Sr. Manager, Verification & Validation

Location
Frederick, MD
Salary
Competitive
Posted
July 21 2017
Ref
52350BR
Position Type
Full Time
Job Description

Summary

Thermo Fisher Scientific is looking for a talented, versatile engineer or scientist to lead design verification and validation (V&V) activities for life science systems comprised of instruments, software, consumables, assays, cells, culture system and reagents.

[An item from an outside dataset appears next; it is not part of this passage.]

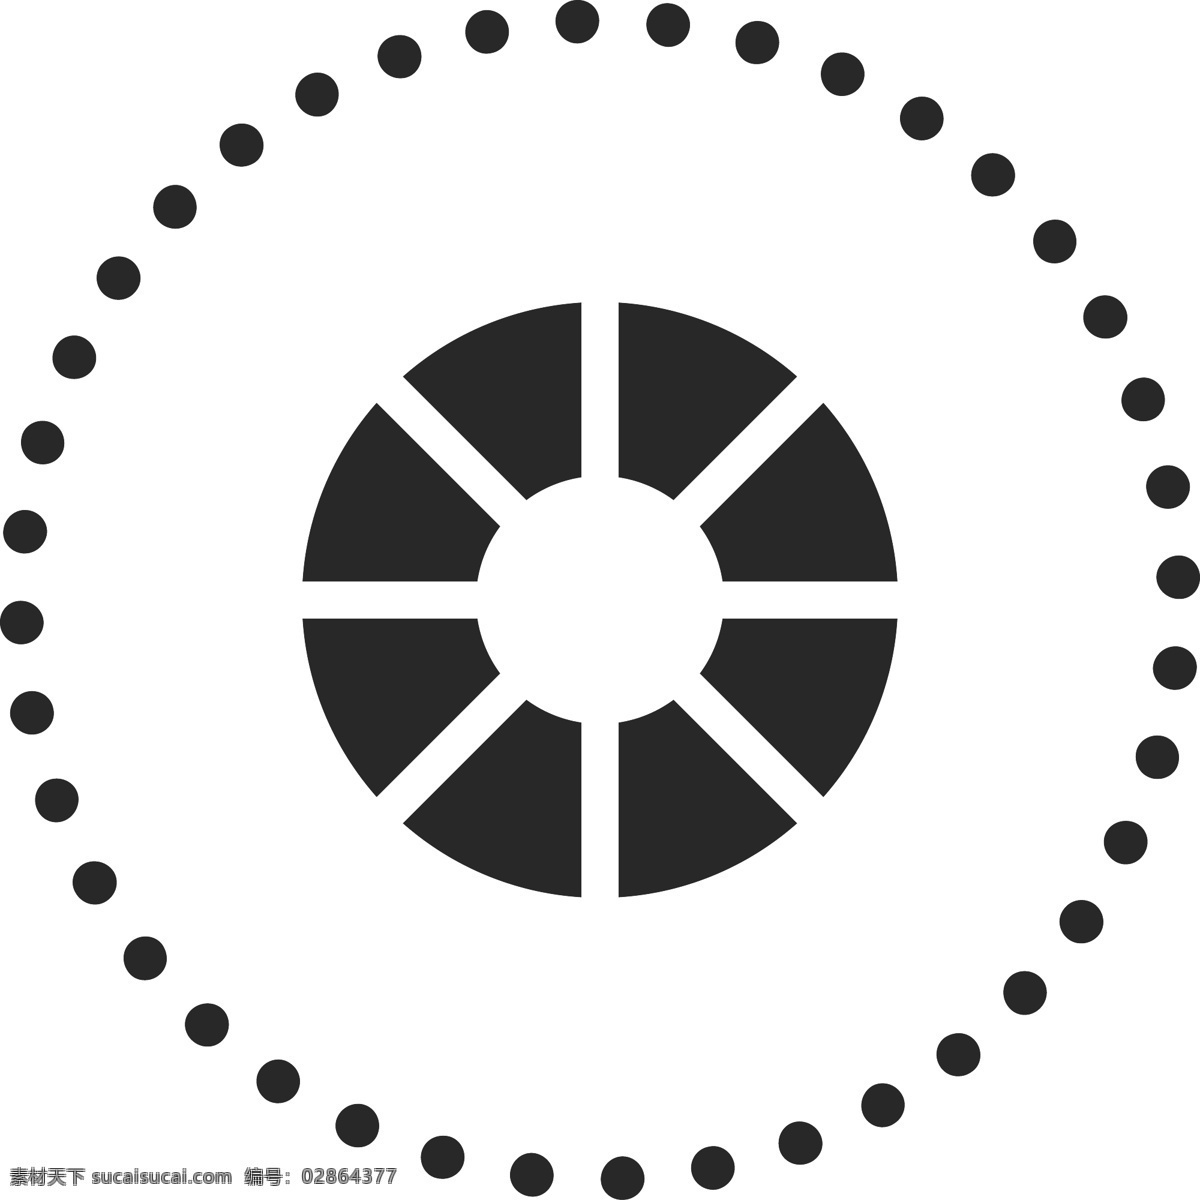 黑色 圆圈 图标 免 抠 图 黑色圆圈 圆圈图标 虚线圈 ui应用图标 网页图标 电脑图标 卡通图案 卡通插画

Primary Duties and Responsibilities

  • Leads, delegates and guides the verification and validation resource team to drive efficient and effective delivery of activities in the product commercialization process.
  • Manages day to day activities of V&V team members
  • Works with the development team of engineers and/or scientists to plan and execute verification and validation testing of commercial product designs.
  • Oversees ad-hoc testing to support pre-verification V&V activities.
  • Participates in drafting customer/product requirements, specifications and design inputs. Work with Design Compliance and Quality to drive harmonization and standardization in associated processes.
  • Participates in the generation of instrument- and/or software-based measurement tools to aid with V&V activities.
  • Creates detailed test protocols from product specification document or high-level plan.
  • Oversee V&V team in the generation of test plans, executing tests, performing data analysis, and writing reports.
  • Participates in transferring test protocols to manufacturing/operations partners.
  • Develop and institute processes to facilitate V&V best practices in research and therapeutic application product designs.
  • Generate and distribute monthly and quarterly V&V project tracking reports for senior management team

Skills & Education

Required:

  • Strong background in statistics.
  • Demonstrated skills in project management.
  • Experience working in a product development environment
  • Experience working in a regulated environment
  • Demonstrated ability to work with a diverse team of R&D, Quality and Design Compliance resources
  • At least 5 years of V&V experience with complex life science systems and assays.
  • Experience in executing formal V&V testing and informal ad-hoc testing.
  • Knowledge of Quality by Design (QBD) principles and ICH standards for assay validation .
  • PhD + in engineering, quantitative biology, or related scientific or an engineering field + 7 years industry experience, or MS + 10 yrs. Experience, or B.S + 15 years experience.

Advantageous:

  • Deployed and maintained formal processes (i.e. verification, validation)
  • Familiarity with cell culture, genomic and device technologies.
  • Data analysis, script programming, and visualization with JMP statistical software system.
  • Familiarity with and deployment of Design Excellence tools in product development process.
  • People leadership experience
*LSG-IND


Thermo Fisher Scientific is an EEO/Affirmative Action Employer and does not discriminate on the basis of race, color, religion, sex, sexual orientation, gender identity, national origin, protected veteran status, disability or any other legally protected status.